— Вот тебе серебро, — вкладывает кошель в руку Петьке, — сколько потребует — дай, только сюды привези.
Кивнул Петька, избу покидая, как вспомнил что Зосим, вслед выбежал.
И осталась Анна наедине со страхом. Подошла к Ульяне, прислушалась. Дышит, ладони на живот положила и глаза прикрыла, будто слушать собралась, а ребетёночек возьми и шелохнись. Отпрянула испуганно, переместила руки на свой живот. Тихо, будто и меньше тот размером. Снова ладонями слушать принялась.
Подползла девчонка её ближе, села возле постели и смотрит.
— Хорошо всё будет, — обещает Анна, токмо откуда ей знать, чем всё кончится. А вот с одним не поймёт. Ребетёнок ещё шевелиться не должон. Не повитуха, да только знает кой-чего о бабьих делах. Ежели одинаково они понесли, выходит, что четыре месяца быть должно, а тут будто больше. Задумалась Аннушка, про Ульяну молиться должна, а сомненья одолевают: как такое быть может? Ежели только не просчиталась подруга, тогда ничего.
Сидит Аннушка, припоминает, кады свадьба у Петрушиной сестры была. Вроде в листопадник (октябрь). Выходит, что правду говорила Ульяна, один срок у них. А ежели в вересень (сентябрь), обсчиталась. А всё ж сомненья гложут вдовицу. Ежели ребёночек толки делает, значится постарше быть должон. Выходит, что….
— Поехал Петька, — вернулся в дом Зосим. — Выдал лошади две: одну ему, другую лекарю. На телеге всё дольше.
— Дай-то Бог успеть, — крестится на иконы Анна. — А скажи, Зосим, когда свадьбу справляли?
— Листопадник шёл, а чего такого?
— Да просто, — пожала плечами вдовица. — Запамятовала, — вздохнула. — Ежели не нужна боле, пойду пожитки собирать.
Сжал зубы Зосим, понимает, об чём Анна речь ведёт.
— Погодь, — глаза прячет, раздумывая, сказать чего. — Правда ли что мальчишка тебе про Лушку поведал?

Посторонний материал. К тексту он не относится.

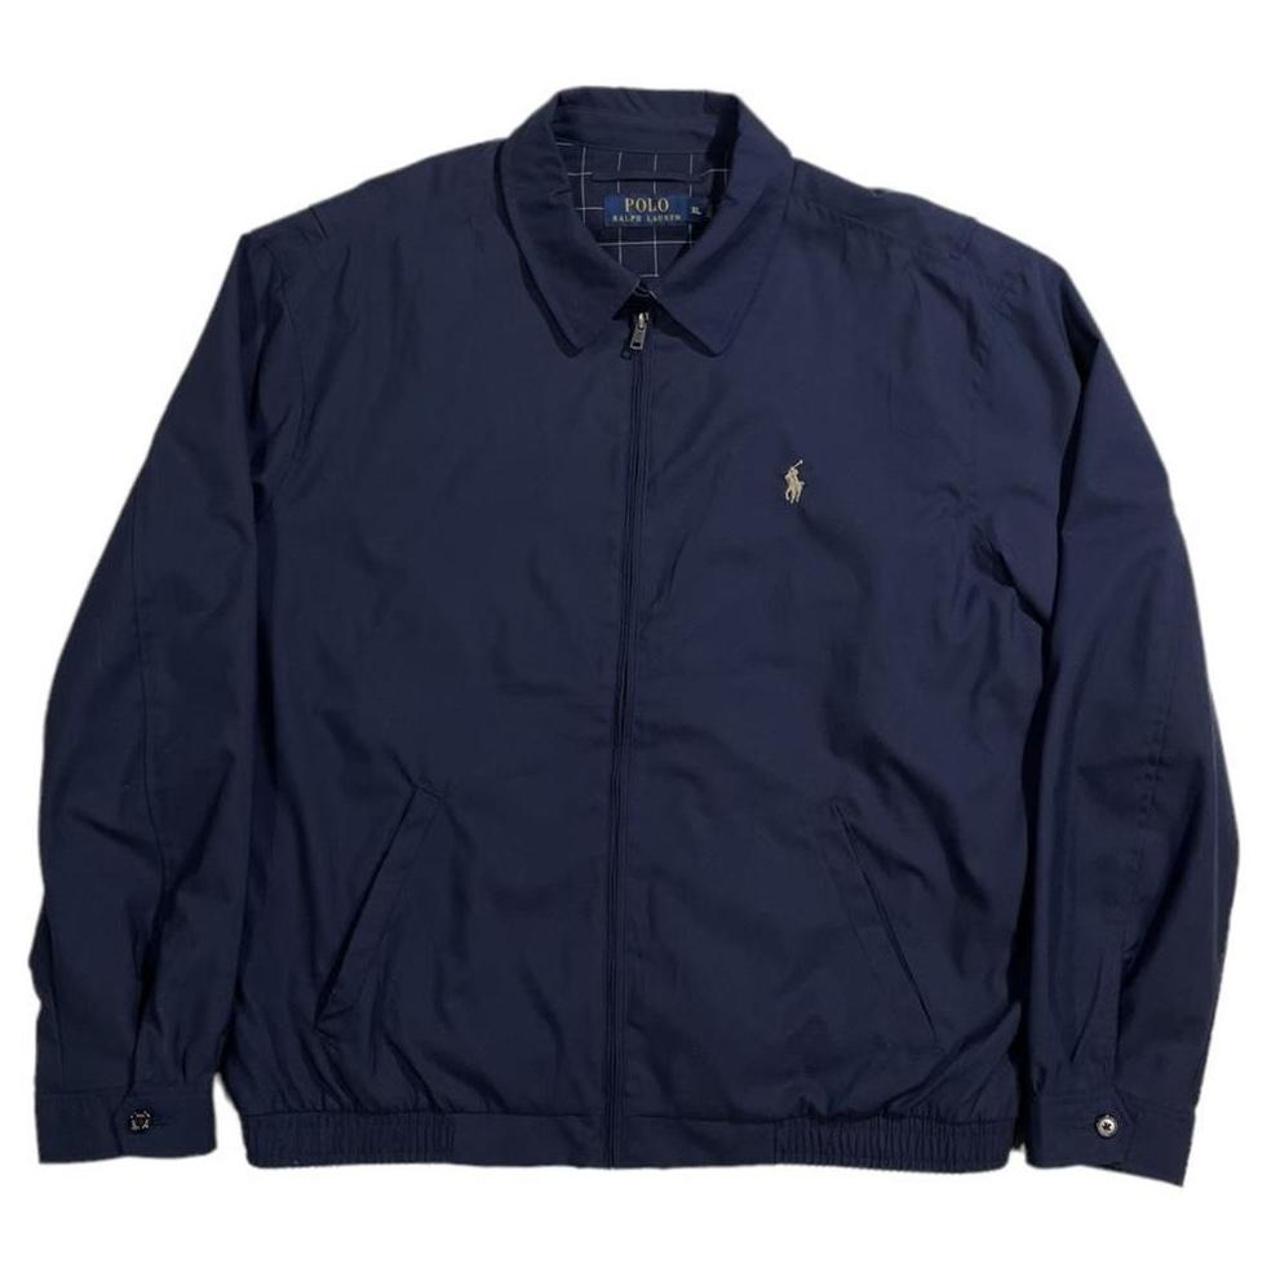 Polo Ralph Lauren Men's Jacket | Depop

— Правда, — отвечает вдовица.
Молчит Зосим, жуёт губы. Пока коню седло надевал, рассказал Петька про Ваньку, которого Анна встретила. Выходит, напраслину на вдовку навёл. Подумал плохо, аж самому тошно.
— Прощенья просить стану, — не смотрит на неё, бегают глаза, вздымается грудь.
— Бог простит, и я прощаю, — не ждёт от него слов дальних Анна. — Выходит, что снова соседями станем?
«Ежели Ульяна выживет», — не договаривает.
— Так что у тебя за старуха знакомая? — всё ж поворачивает голову к Анне.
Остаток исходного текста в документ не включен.